Data Engineer
$106,667
avg. annual salary
Ai/ml Engineer
pays more on average
Ai/ml Engineer
$110,926
avg. annual salary
As technology evolves, the demand for skilled professionals in data engineering and artificial intelligence (AI) continues to rise. Understanding the salary landscape for these two roles is critical for those considering a career change or starting anew. Data Engineers are primarily responsible for designing, constructing, and maintaining data pipelines, ensuring that organizations can effectively utilize their data. In contrast, AI/ML Engineers focus on creating algorithms, developing models, and enhancing machine learning processes to provide actionable insights from data. This article compares the salaries, benefits, and career paths for Data Engineers and AI/ML Engineers, providing you with a clearer understanding of which path might be right for you in 2025.
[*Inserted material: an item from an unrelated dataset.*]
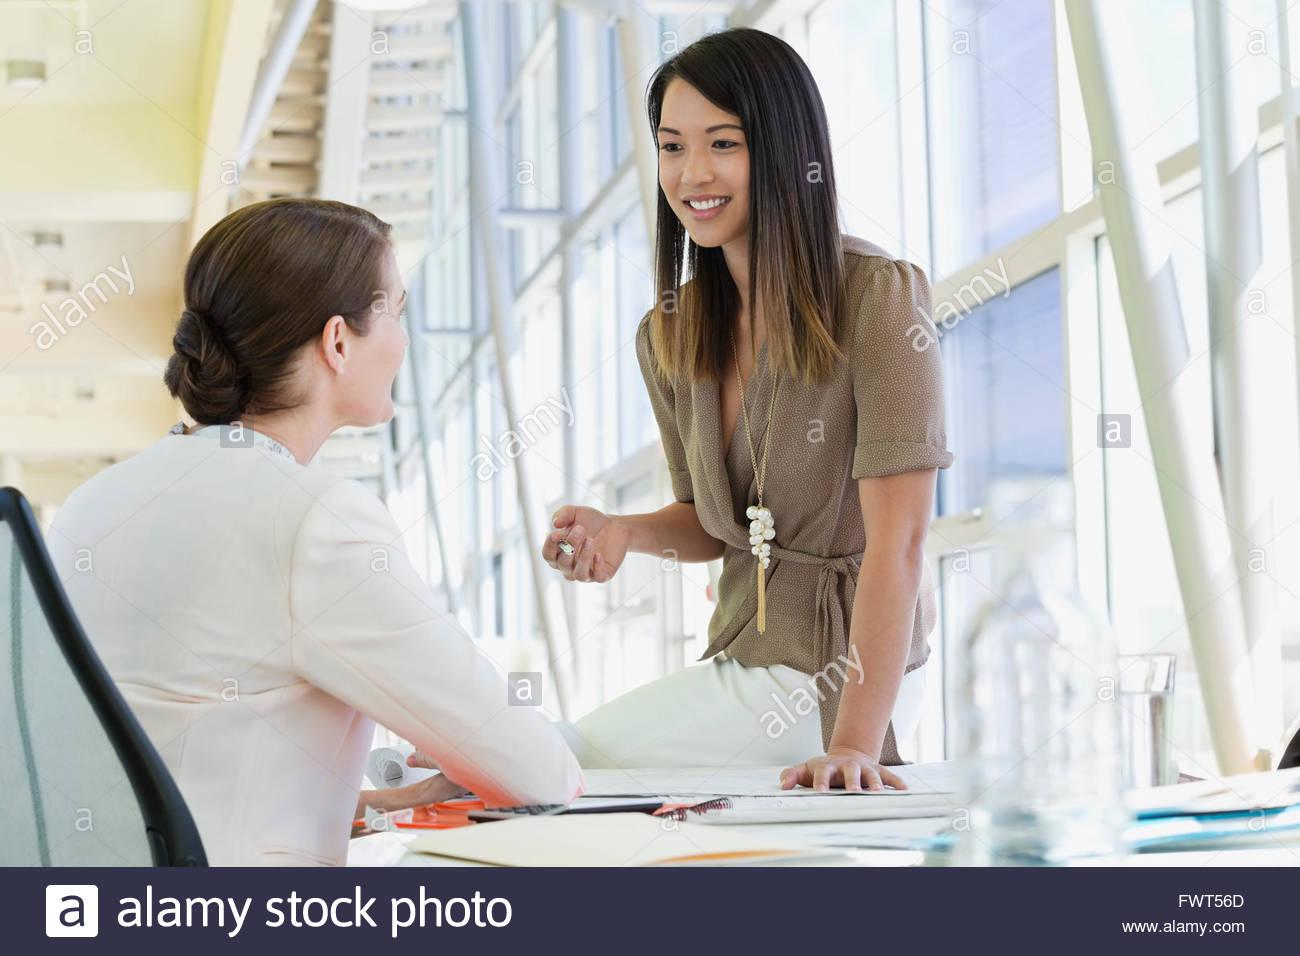 Femmina di colleghi di lavoro più di parlare di scrivania in sala conferenze Immagini Stock

Salary by Experience Level
starting salary
starting salary
avg. difference (4%)
Salary Overview
In 2025, the average salary for Data Engineers is projected to be around $120,000 per year, while AI/ML Engineers can expect an average salary of approximately $135,000. This difference highlights the specialized skill sets required in machine learning and AI technologies.
Salary by Experience Level
Data Engineers typically start with an entry-level salary of around $80,000, progressing to $115,000 at mid-level positions and reaching about $150,000 at senior levels. AI/ML Engineers, starting at around $90,000, can earn $125,000 as mid-level professionals, with senior roles paying upwards of $170,000.
Benefits Comparison
Both roles offer attractive benefits, including health insurance, retirement plans, and remote work options. However, AI/ML Engineers often receive additional perks like access to cutting-edge technology and opportunities for continuous education in advanced AI frameworks.
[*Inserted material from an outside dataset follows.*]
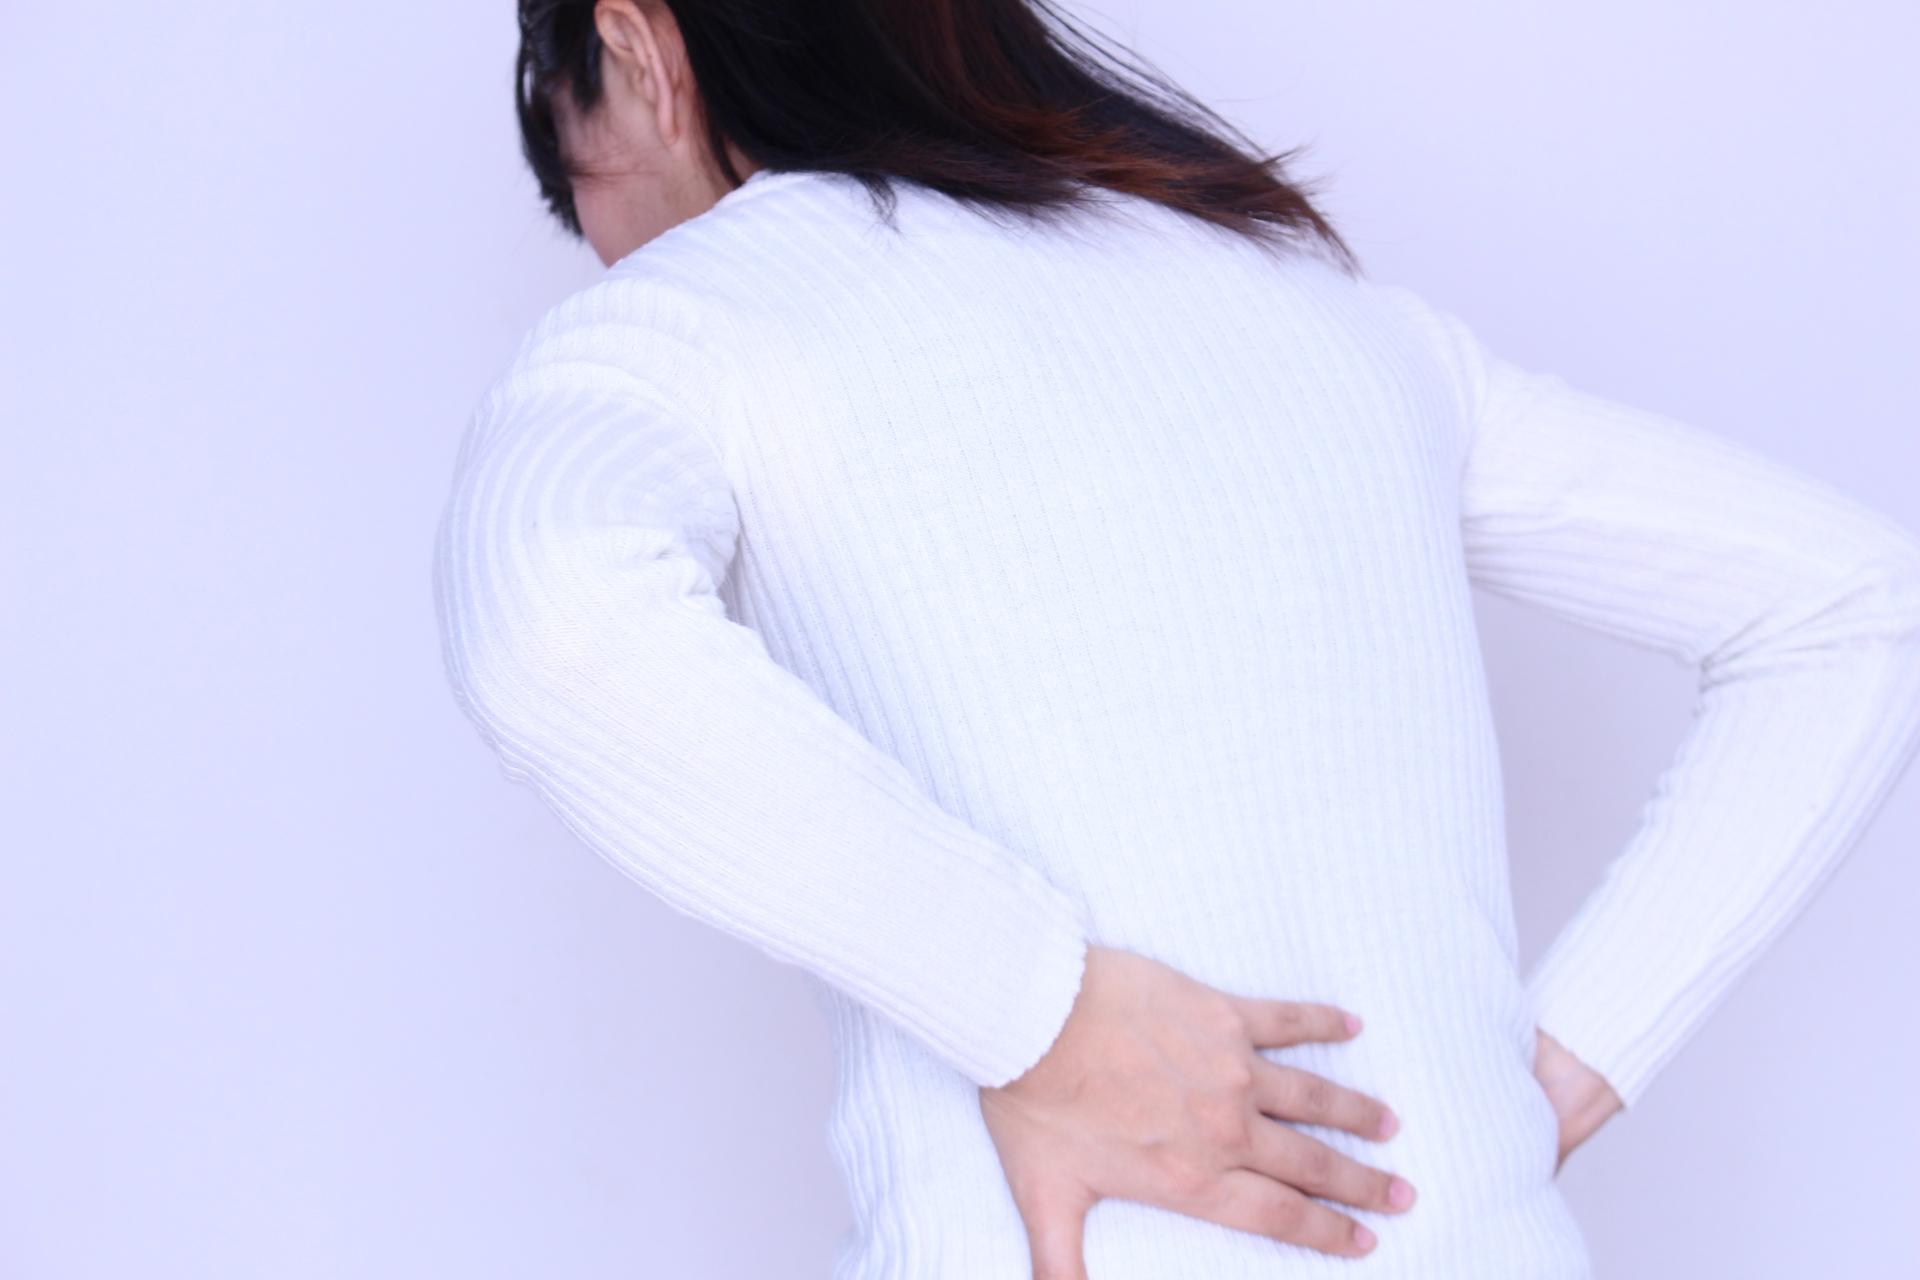 腎盂腎炎による背中の痛み

Career Path and Job Growth
The career path for Data Engineers is robust, with opportunities in various sectors such as finance, healthcare, and tech. The job growth rate for this role is roughly 14% annually.
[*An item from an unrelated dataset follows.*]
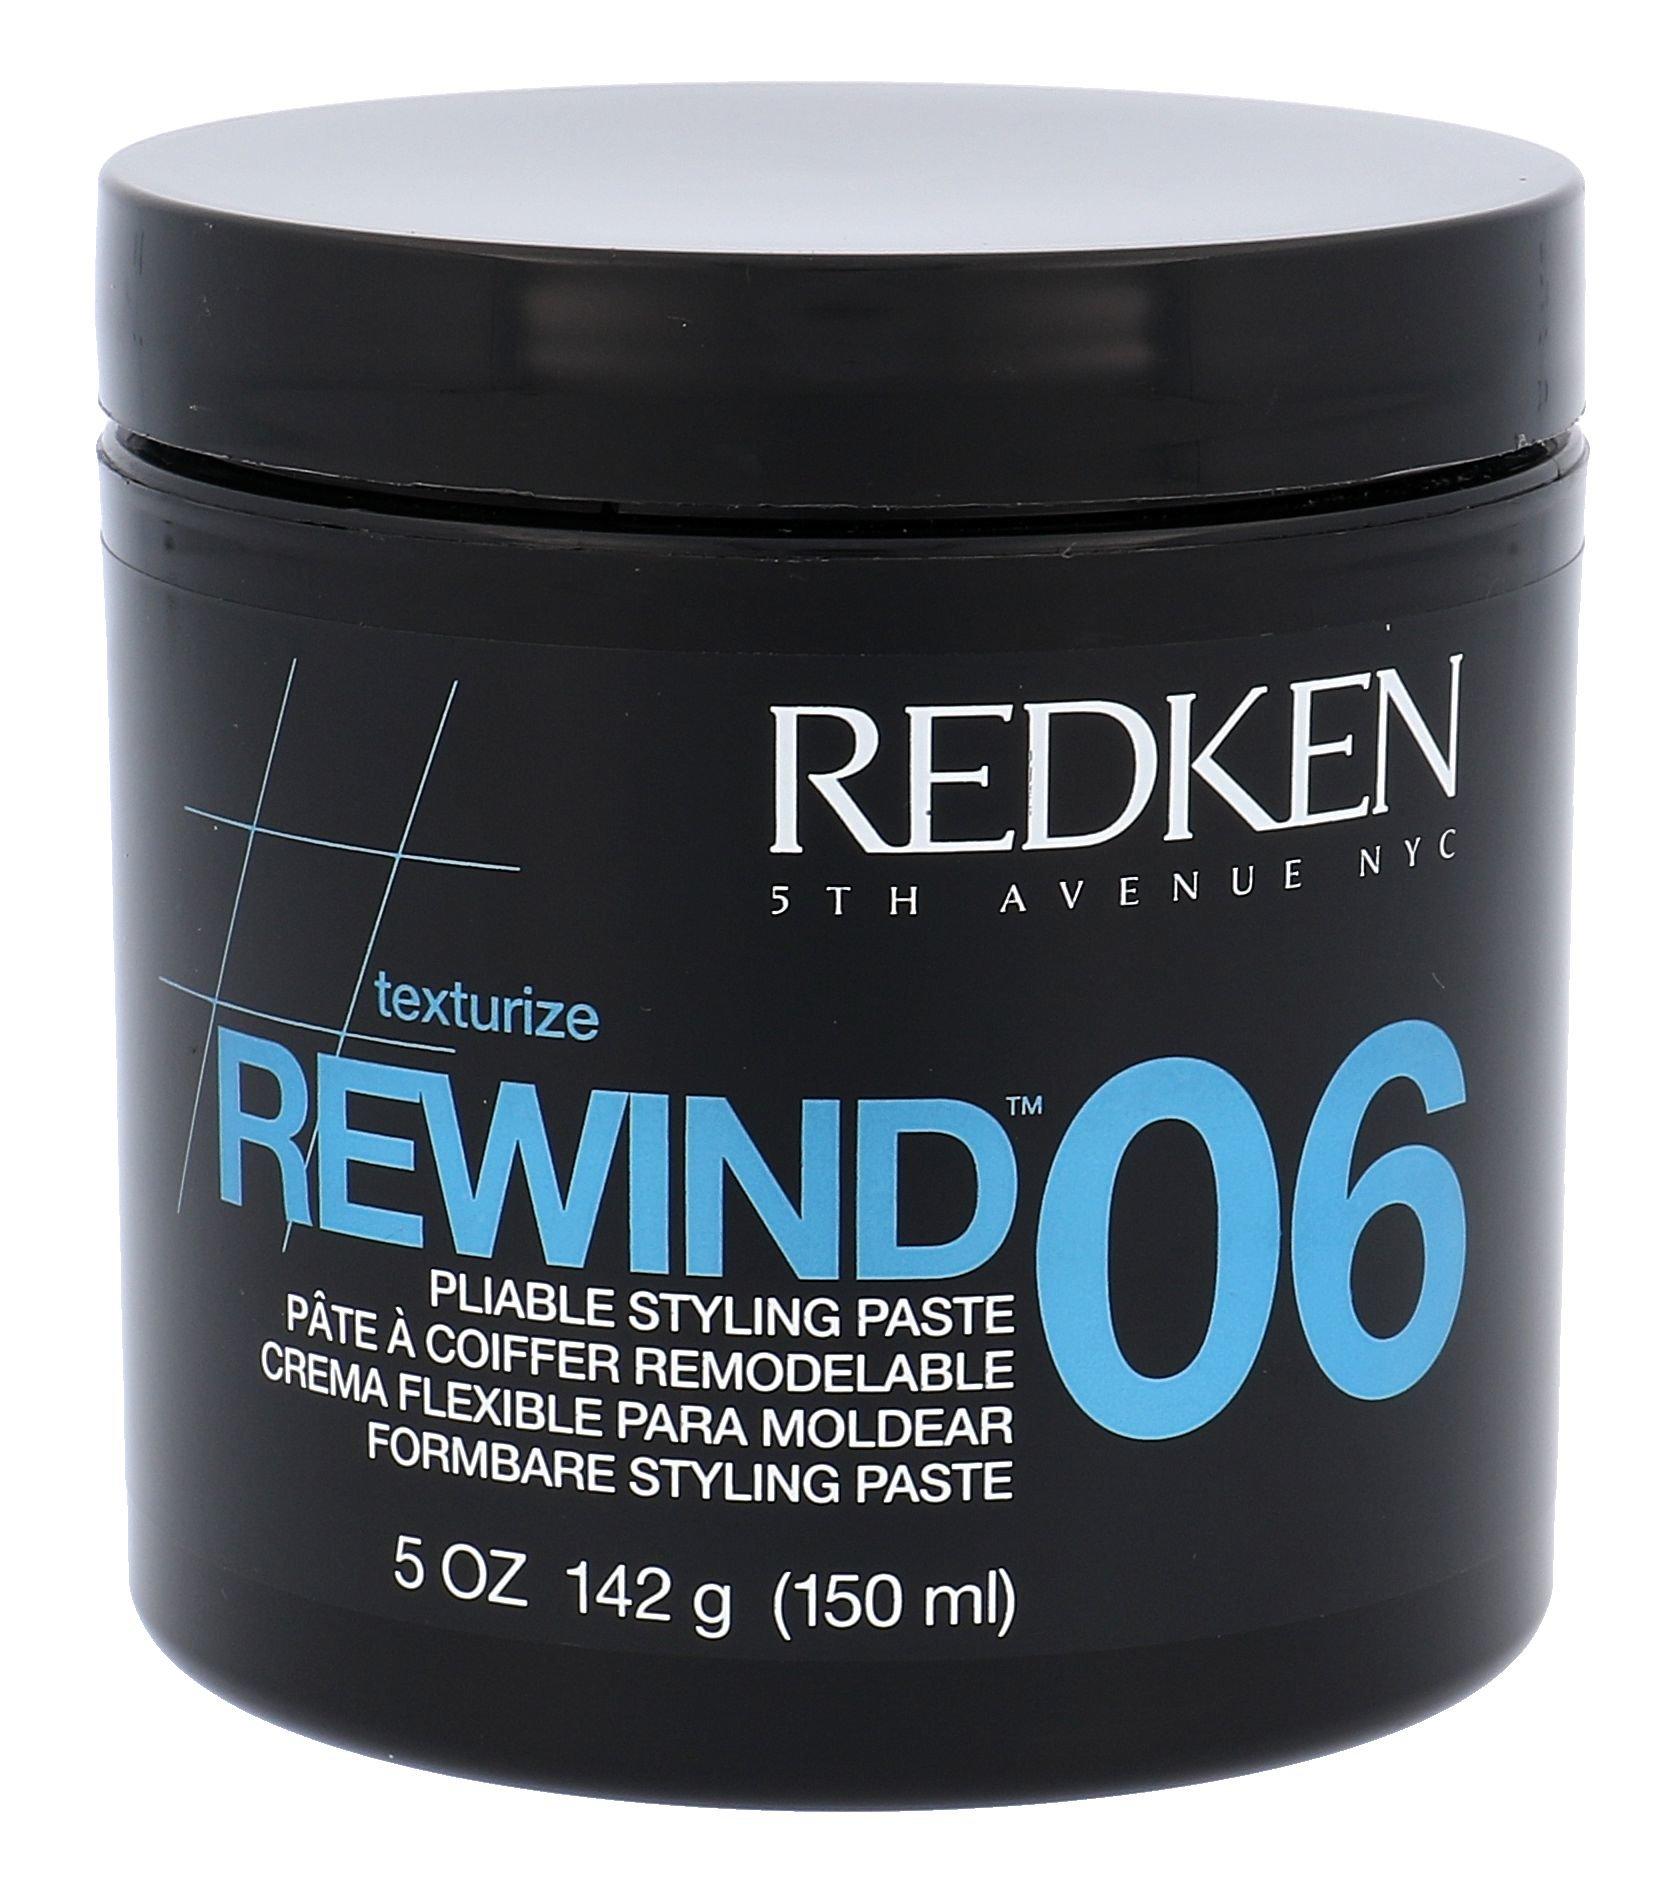 Redken Texture Rewind 06 Cosmetic 150ml

Conversely, AI/ML Engineers are at the forefront of technological innovation, with a staggering growth rate of 22% as industries adopt AI solutions.
Skills Required for Each Role
Data Engineers need strong programming skills in languages like Python and Java, along with knowledge of databases and ETL processes. AI/ML Engineers require a solid foundation in machine learning algorithms, statistics, and data analysis, alongside proficiency in languages like R and TensorFlow.
Detailed Salary Comparison: Data Engineer vs AI/ML Engineer (2025)
Data Engineers and AI/ML Engineers show different pay profiles in 2025. Typical U.
S. base salaries: Data Engineer median ≈ $120,000, AI/ML Engineer median ≈ $150,000.
Entry-level Data Engineers often start at $80k–$100k; entry-level AI/ML roles start at $100k–$130k. At senior levels, Data Engineers reach $160k–$220k, while senior AI/ML Engineers commonly earn $200k–$320k.
Total compensation diverges more: equity and signing bonuses lift AI/ML roles — large tech firms report total comp for mid/senior AI roles of $220k–$450k, versus $180k–$350k for comparable data engineering roles. Location matters: San Francisco and Seattle premiums add ~20–30% to base; NYC adds ~15–25%.
In short, AI/ML roles pay higher on average, but data engineering pays competitively with steady demand and slightly lower volatility. Actionable takeaway: target AI/ML for higher upside; choose data engineering for broader role availability and predictable pay growth.
Key Factors to Consider When Comparing Salaries
Compare offers beyond base pay by evaluating these specific factors:
- •Skill specialization: ML model design, deep learning, and MLOps command 10–30% higher pay than general ETL work. For example, a candidate with production ML pipelines can add $20k–$50k to offers.
- •Company type: Startups often give more equity but lower base salary; established tech firms pay higher base + RSUs. Example: 10,000 RSUs at $50 = $500k vested over 4 years (~$125k/year).
- •Location and remote: Adjust base by regional multipliers (SF +25%, NYC +20%, Austin +10%).
- •Career trajectory: AI/ML roles often lead to research or product-specialist tracks with faster salary growth.
- •Work scope: On-call and 24/7 support roles may include 5–15% extra compensation.
Actionable takeaway: calculate total comp (base + bonus + equity) and project 3-year earnings before choosing.